- PROBLEM:
Produce a verbatim copy of the data below that contains no pictures.

======== SUPPLIED INFORMATION ========

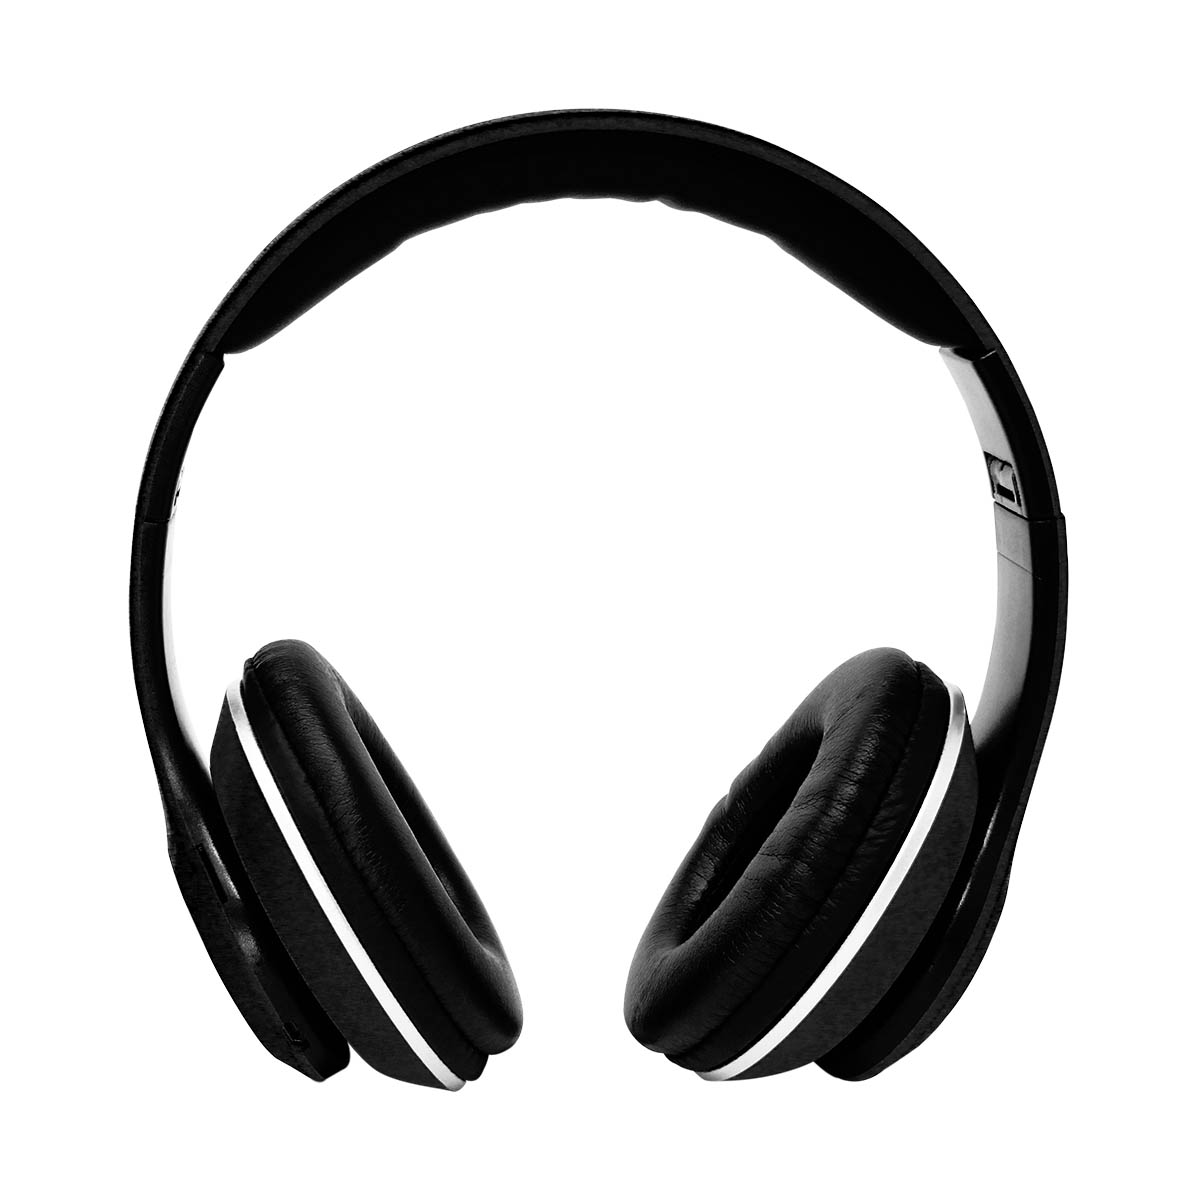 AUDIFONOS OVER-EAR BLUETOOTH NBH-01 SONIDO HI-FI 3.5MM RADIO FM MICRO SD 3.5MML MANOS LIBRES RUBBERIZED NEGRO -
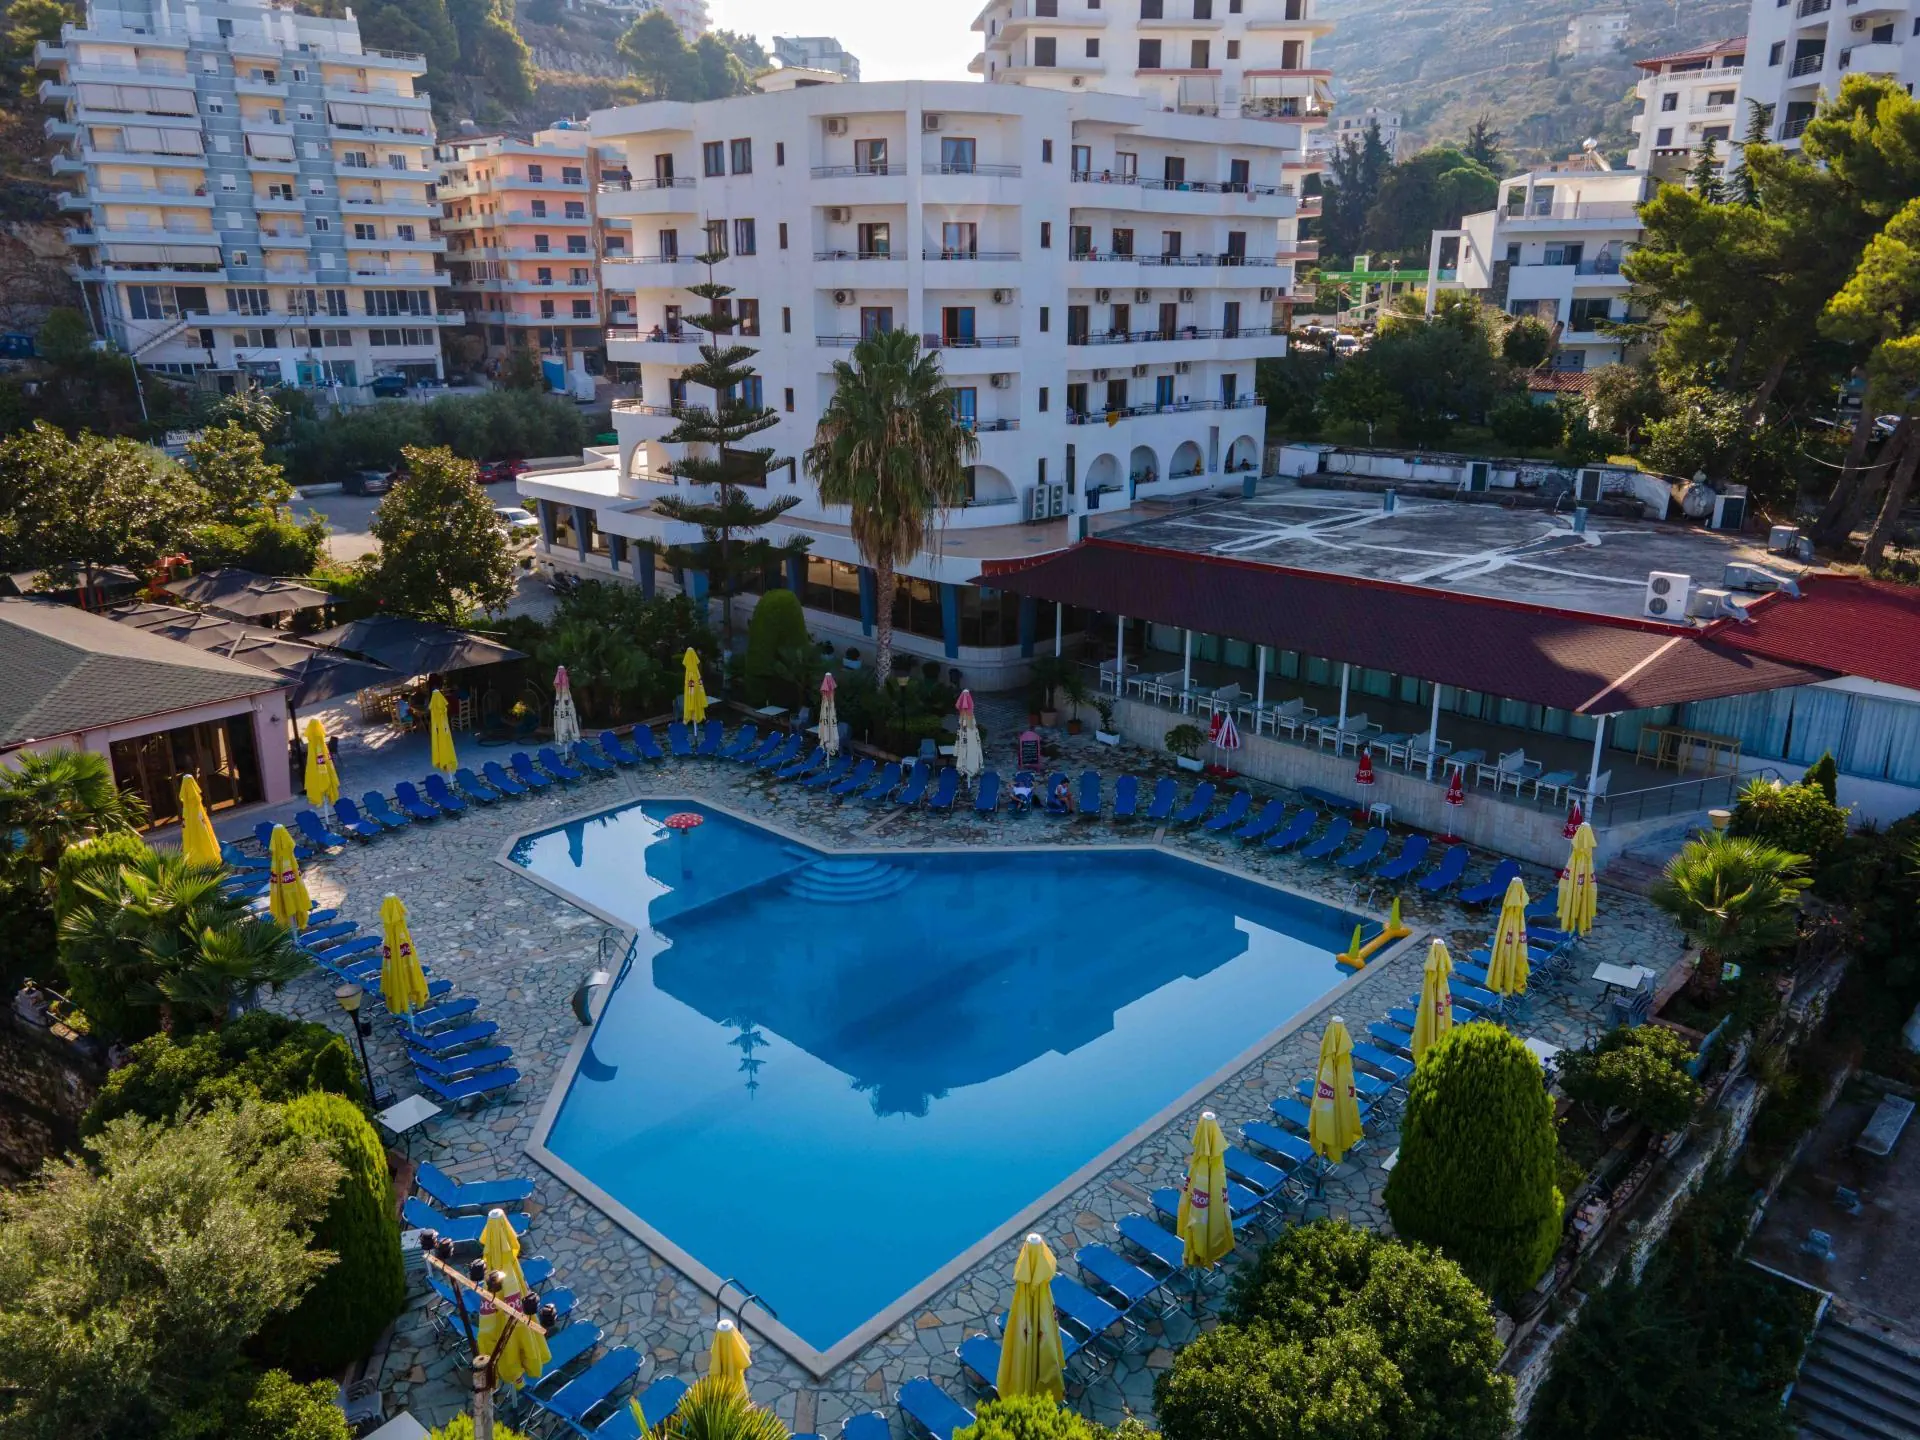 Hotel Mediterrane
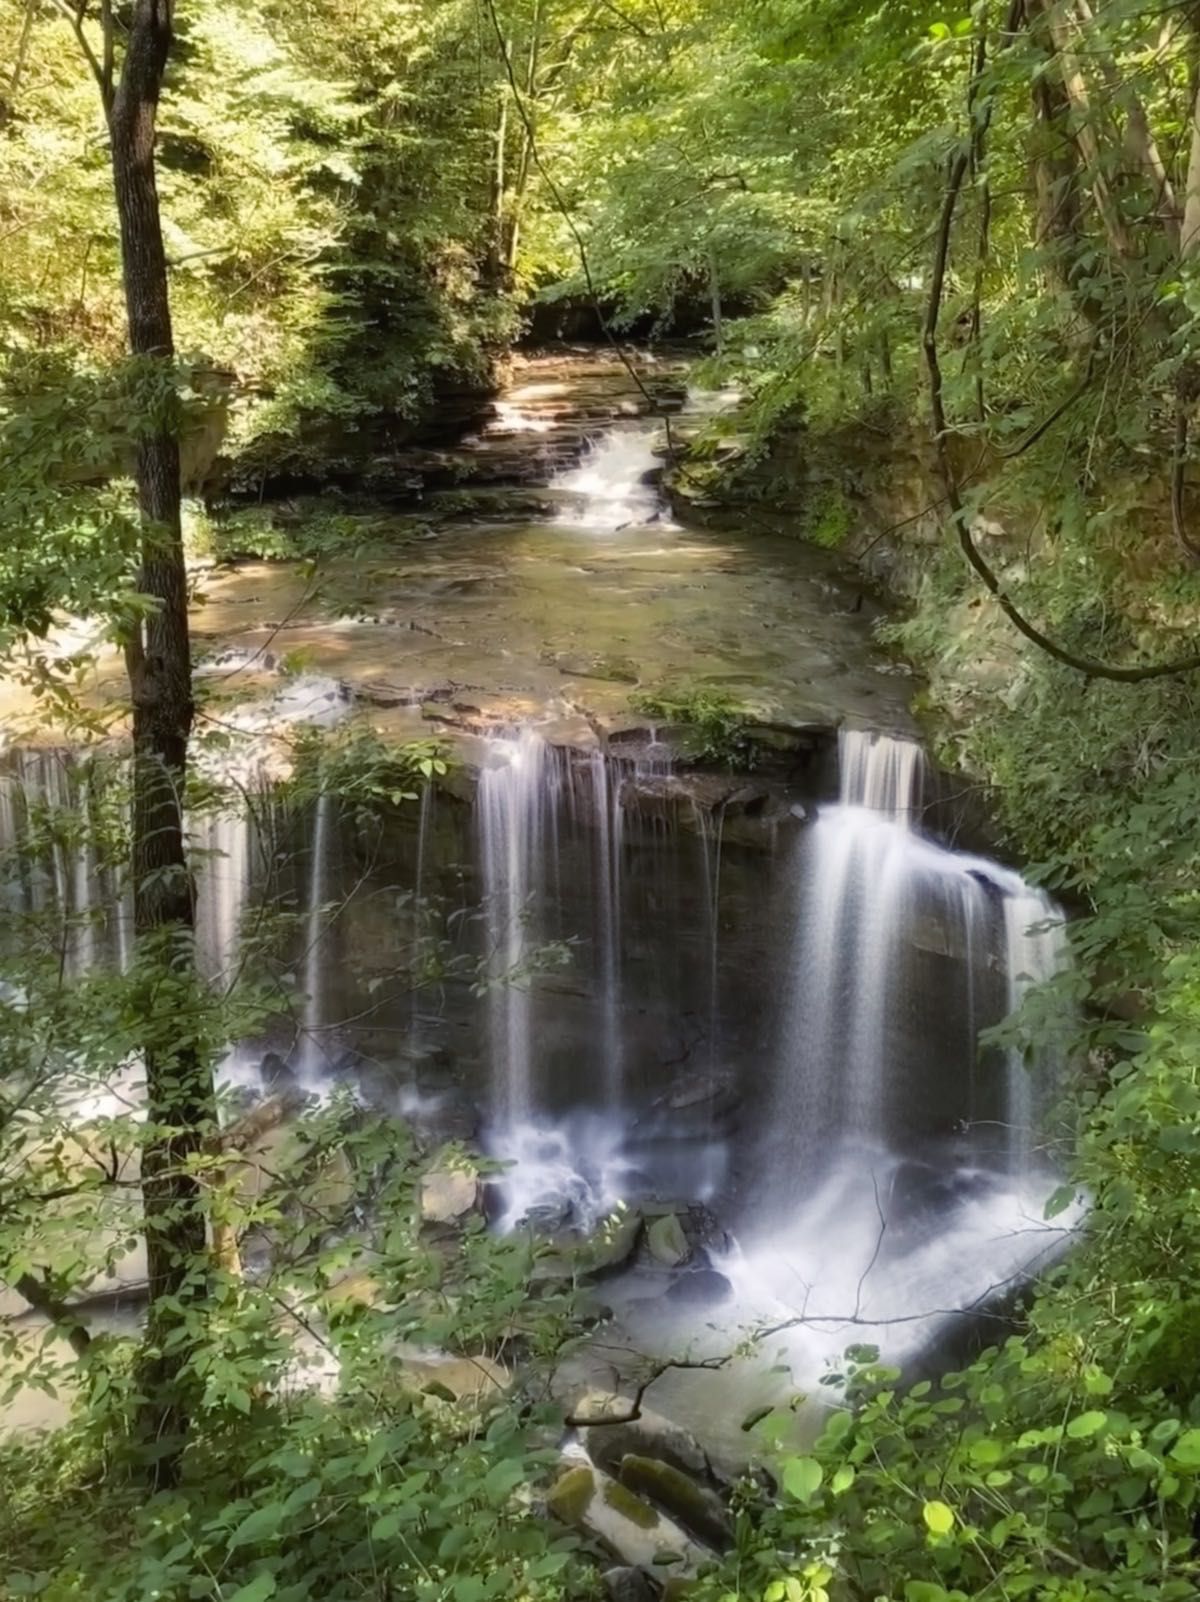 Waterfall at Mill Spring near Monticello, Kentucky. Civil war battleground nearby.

========

- SOLUTION FOR THIS EXERCISE:
 AUDIFONOS OVER-EAR BLUETOOTH NBH-01 SONIDO HI-FI 3.5MM RADIO FM MICRO SD 3.5MML MANOS LIBRES RUBBERIZED NEGRO -
 Hotel Mediterrane
 Waterfall at Mill Spring near Monticello, Kentucky. Civil war battleground nearby.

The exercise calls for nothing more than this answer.